Pratt, who is now running a second bid for Ward 4 alderwoman, started MSK in September with 15 mentees and 15 mentors, all women she knew from her work and life in Annapolis and many from the city’s public and subsidized housing communities. It is run in cooperation with Co-op Arundel, a nonprofit that obtained $15,000 in grant funding through the City of Annapolis.
The women met eight times over eight weeks, every Saturday. During one class, Pratt stood at the front of a community room at the American Legion Cook-Pinkney Post 141 wearing a blue blouse and a serious look.
“When we put nothing into this program, we will get nothing back,” she said. “So whatever you want to reap from this program, that’s what you sow.”
The women sign a contract that dedicates them to come back for every session during the eight weeks, which hosts a different professional facilitator to teach financial literacy, emotional health, conflict resolution and other topics.

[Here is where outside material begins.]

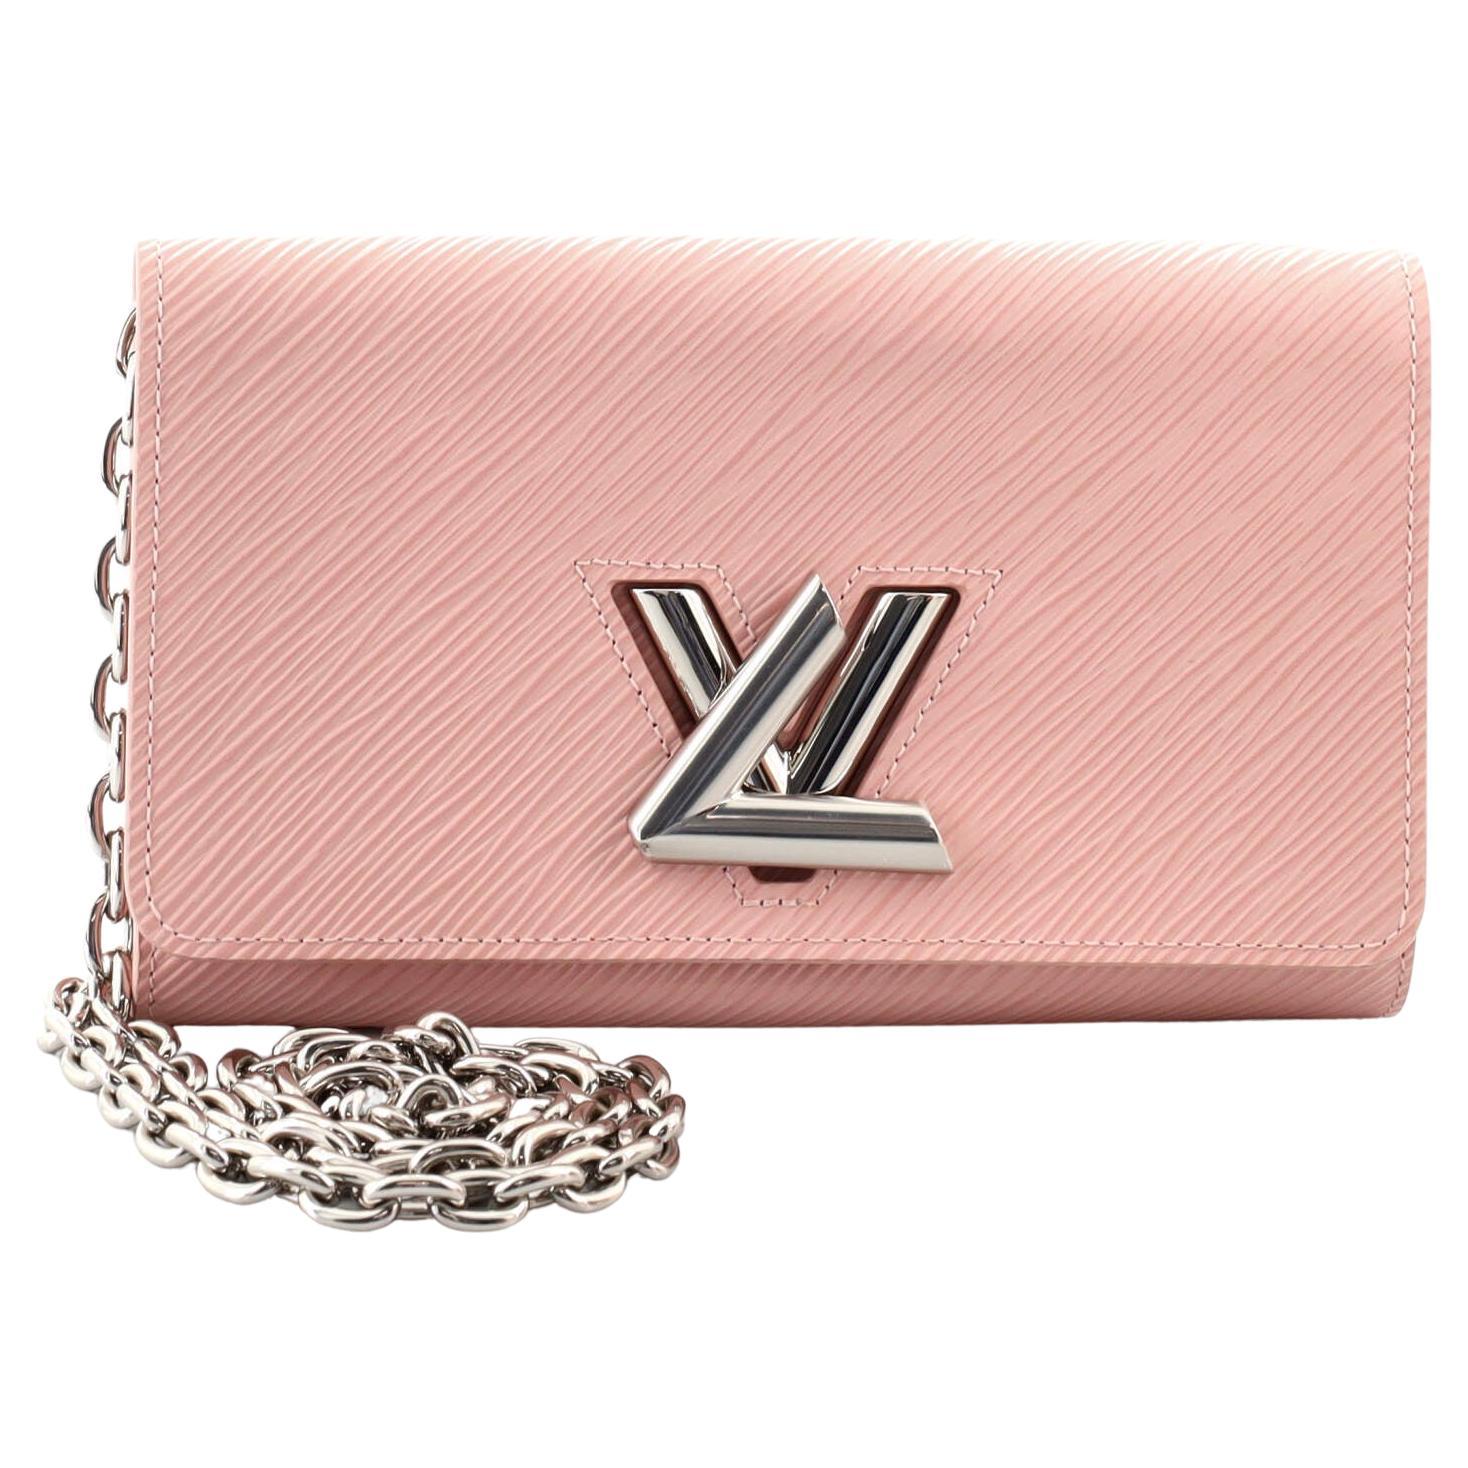  Lckaey clutch conversion kit purse chain insert strap For lv  Doudou victorin short wallet transformation diagonal bag3022-pink 10 * 7cm  : Clothing, Shoes & Jewelry
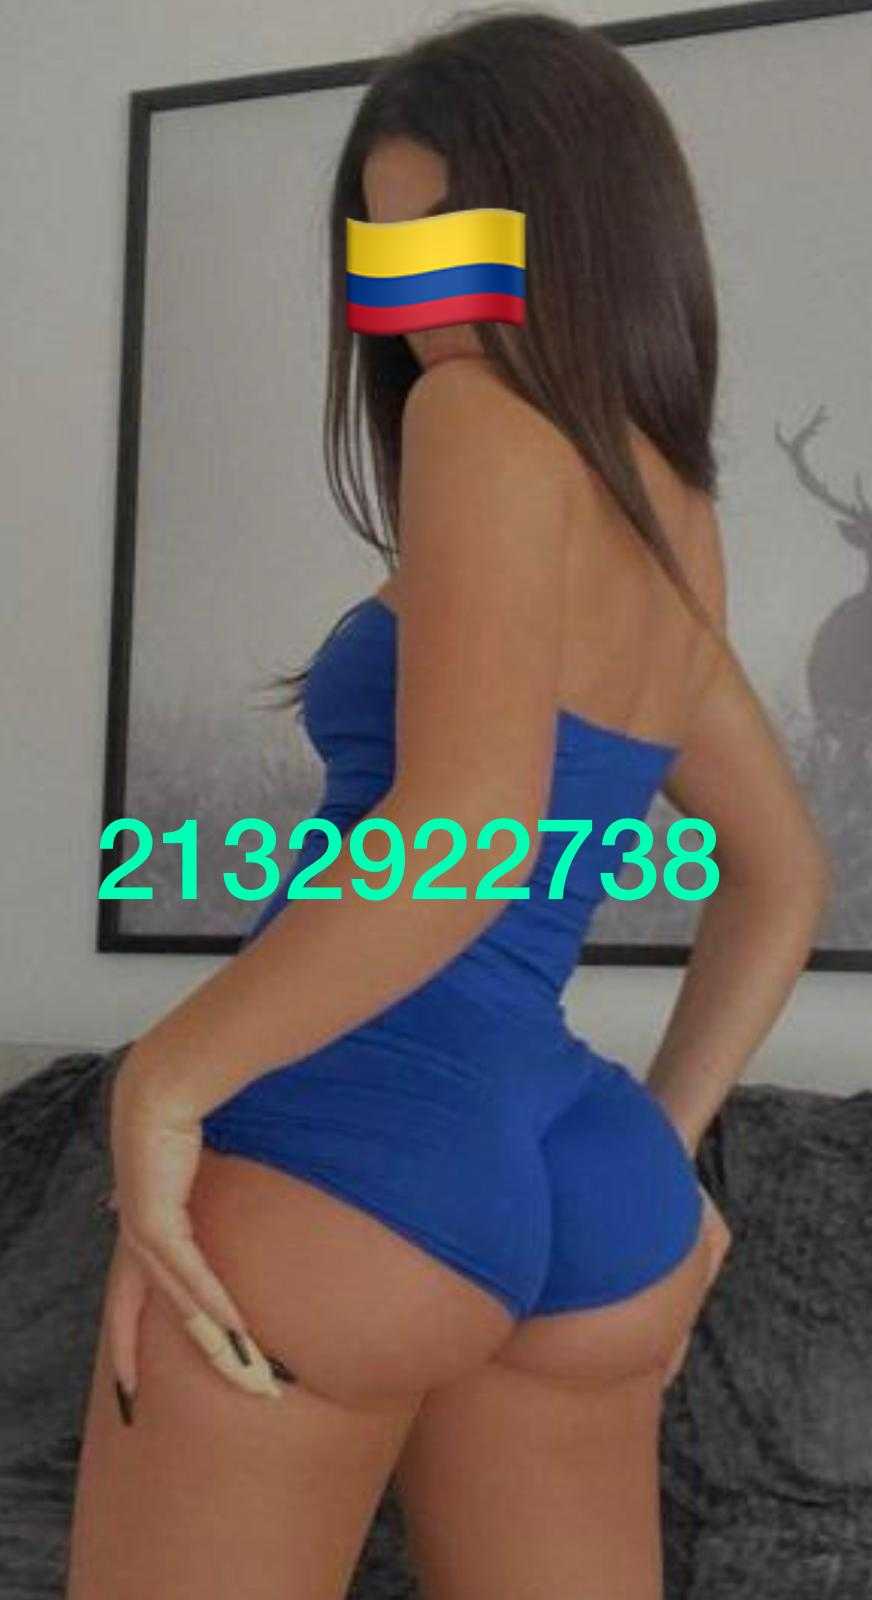 Reviews about escort with phone number 2132922738

The first class is an intense, self-introspection session to help break down internal barriers that might be holding the women back, Pratt said.
At the start of both cohorts, women were behind on their rent. They lost their jobs. If they kept jobs, they didn’t have the technology available to continue from home. But of the 27 women who have graduated from the program so far, some have gone on to pursue higher education. One woman is in culinary school; another is studying to be a hairstylist. One is learning to become a paralegal, with sights on law school. Many have moved out of subsidized housing.
And many have the renewed motivation to pursue their goals. Of them are Clark and Tasker.
On an April night in the Pip Moyer Center, Clark held a rehearsal for “The Wiz.” Wearing a black mask and a sweatshirt emblazoned with the acronym MEGA, and she helped students from across the county go over their lines. MEGA, which stands for “manifesting every great achiever,” is a new program Clark is registering as a nonprofit organization with the help of her MSK training.
The program pushed her to press on with the production, she said. That and the incessant texts from the kids who call her Sister Mary Clarence after Whoopi Goldberg’s character in “Sister Act.”
“I just want to get these kids something they didn’t get to have last year,” she said. “Bring some light to the city. We can overcome anything. I call it ‘The Wiz: From pandemic to promising.’”
In February, Tasker, her husband and their children moved from Newtowne 20 to a townhome in Odenton, where she’s resumed online classes in social work. The rarity of Tasker’s cancer left her confused and scared. Tasker said she rushed her kids, trying to prepare them for the worst, trying to make sure they knew how to drive in case her cancer killed her. She felt ashamed of her diagnosis, she said.
During her second class with MSK, a shaky doctor’s report popped up on her phone. Results of some recent scans were discouraging. Fear flooded Tasker’s body, but she told her mentor about the report. With the support of her sisters, she went for some additional tests. The results were steadying; the prior report was just a flare-up.
Through the program, “I’ve learned to deal with it a little bit better,” Tasker said. “Not panic so much.”
“This year has definitely been an eye-opener. As a community, we really need to come back to supporting each other.”